## WORK REQUEST
The lines from the one holding "Kristoffer Lerche-Thomsen" to the final line of the listing below are to be duplicated exactly, with both ends included and pictures omitted.

##### INFORMATION SHOWN #####

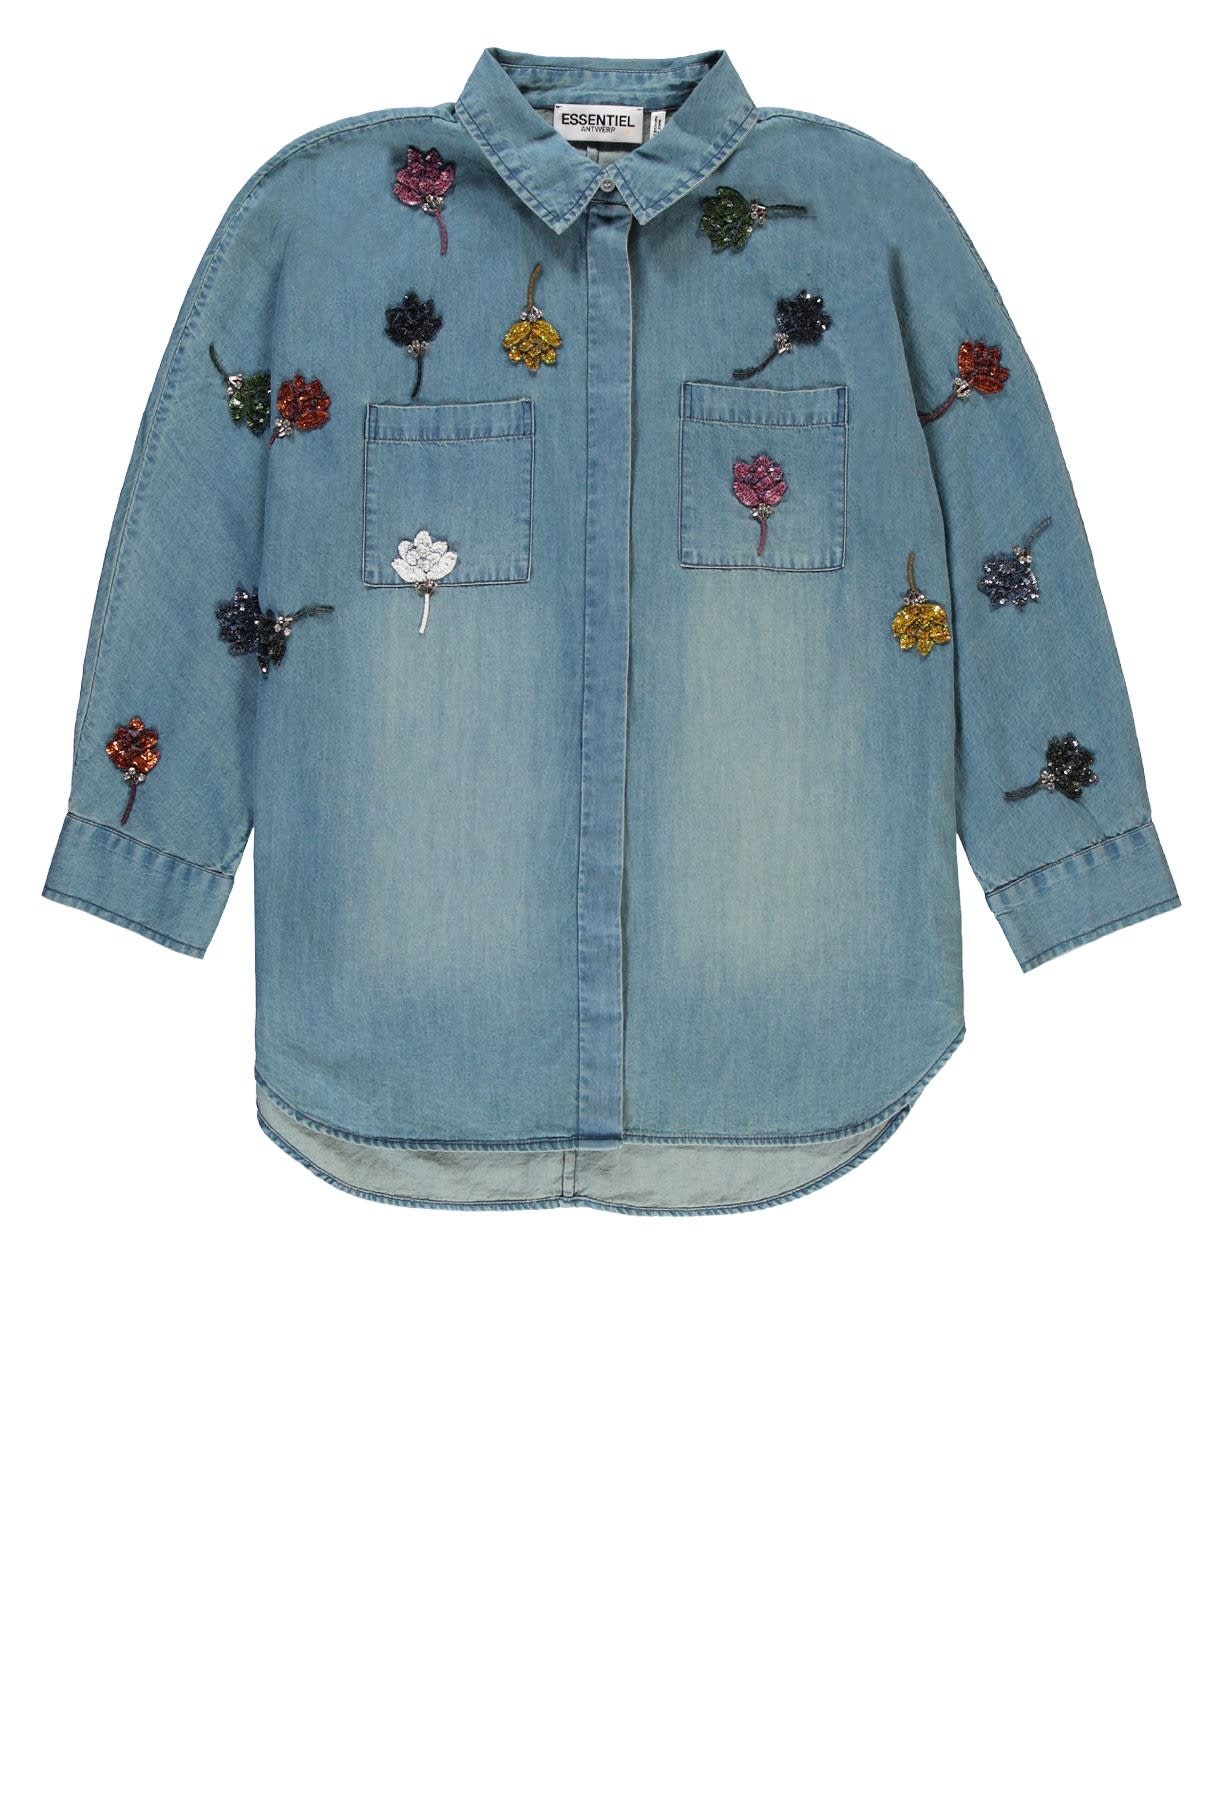 Essentiel Antwerp Rembo Sequined Jeans Shirt
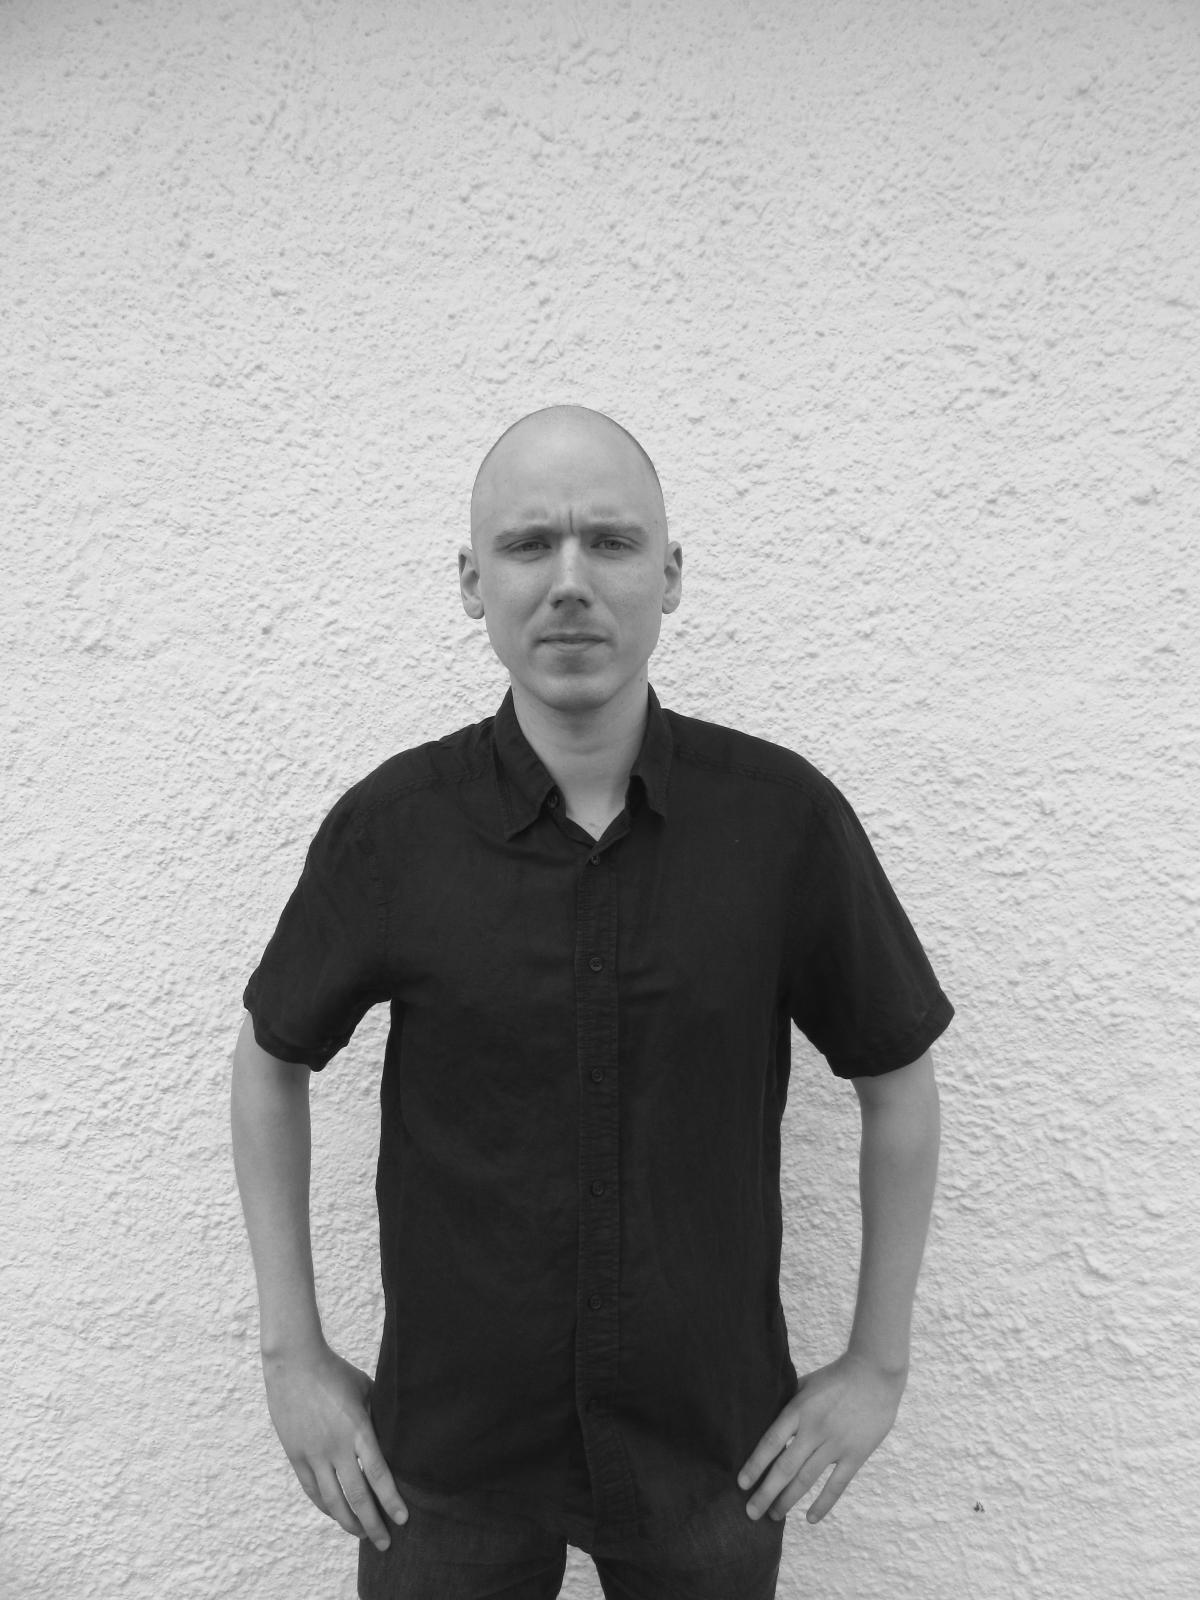 Kristoffer Lerche-Thomsen
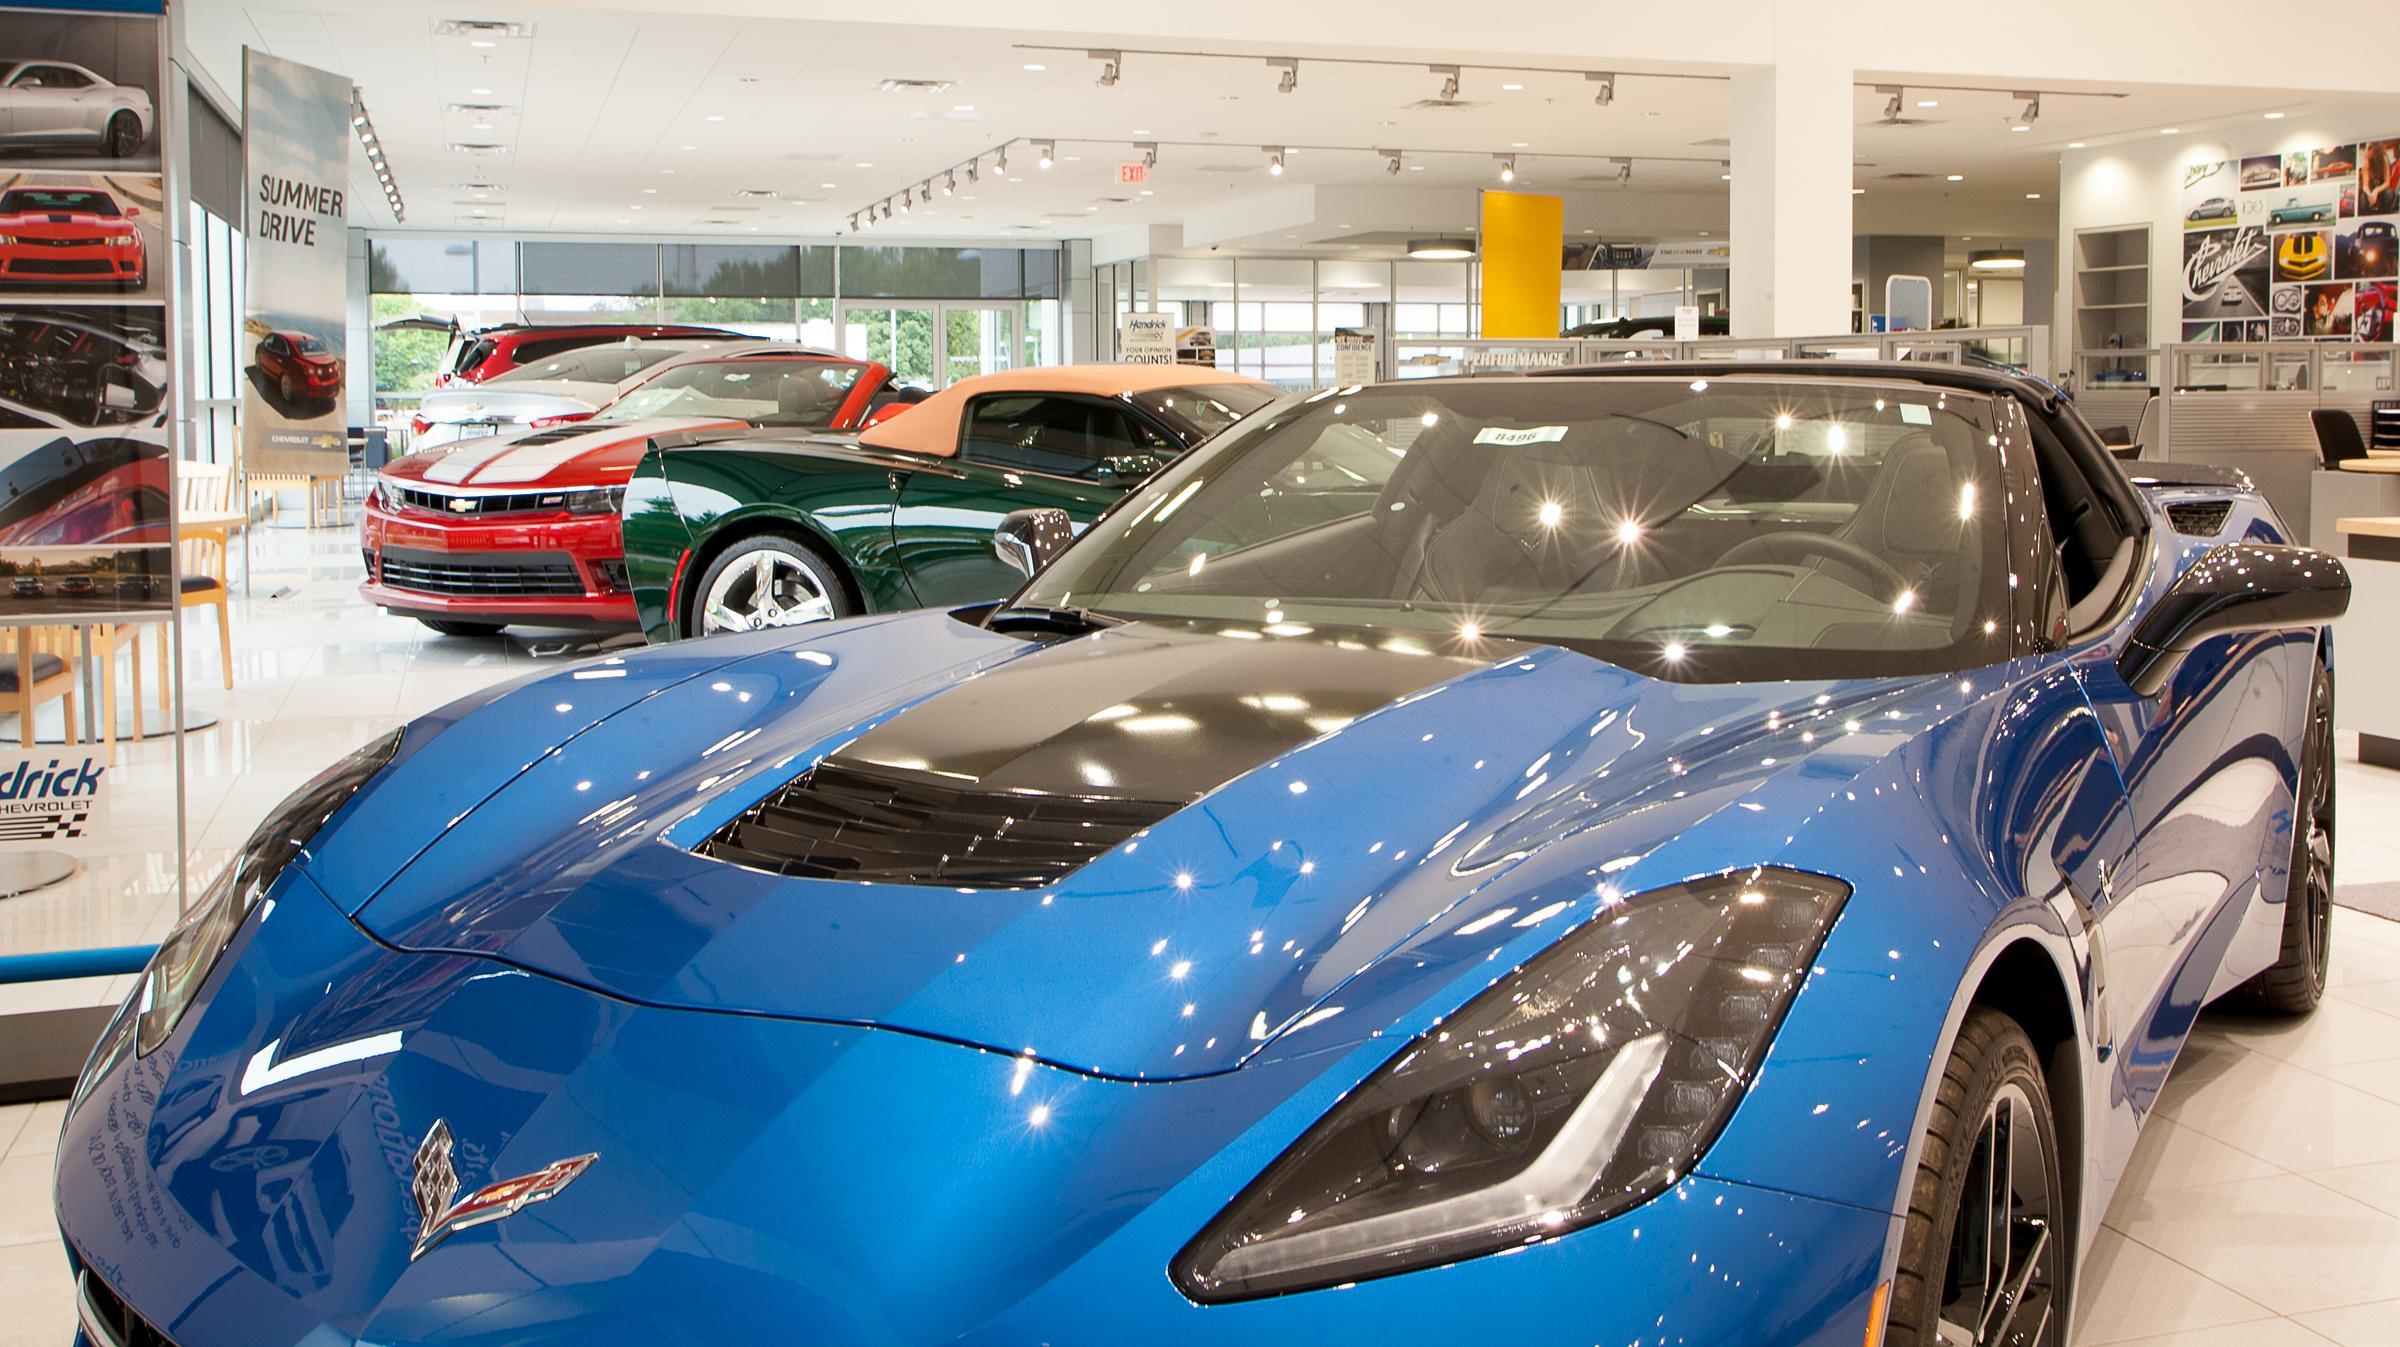 Corvette interior 360 virtual tour showroom auto dealership

#####

## EXERCISE SOLUTION
 Kristoffer Lerche-Thomsen
 Corvette interior 360 virtual tour showroom auto dealership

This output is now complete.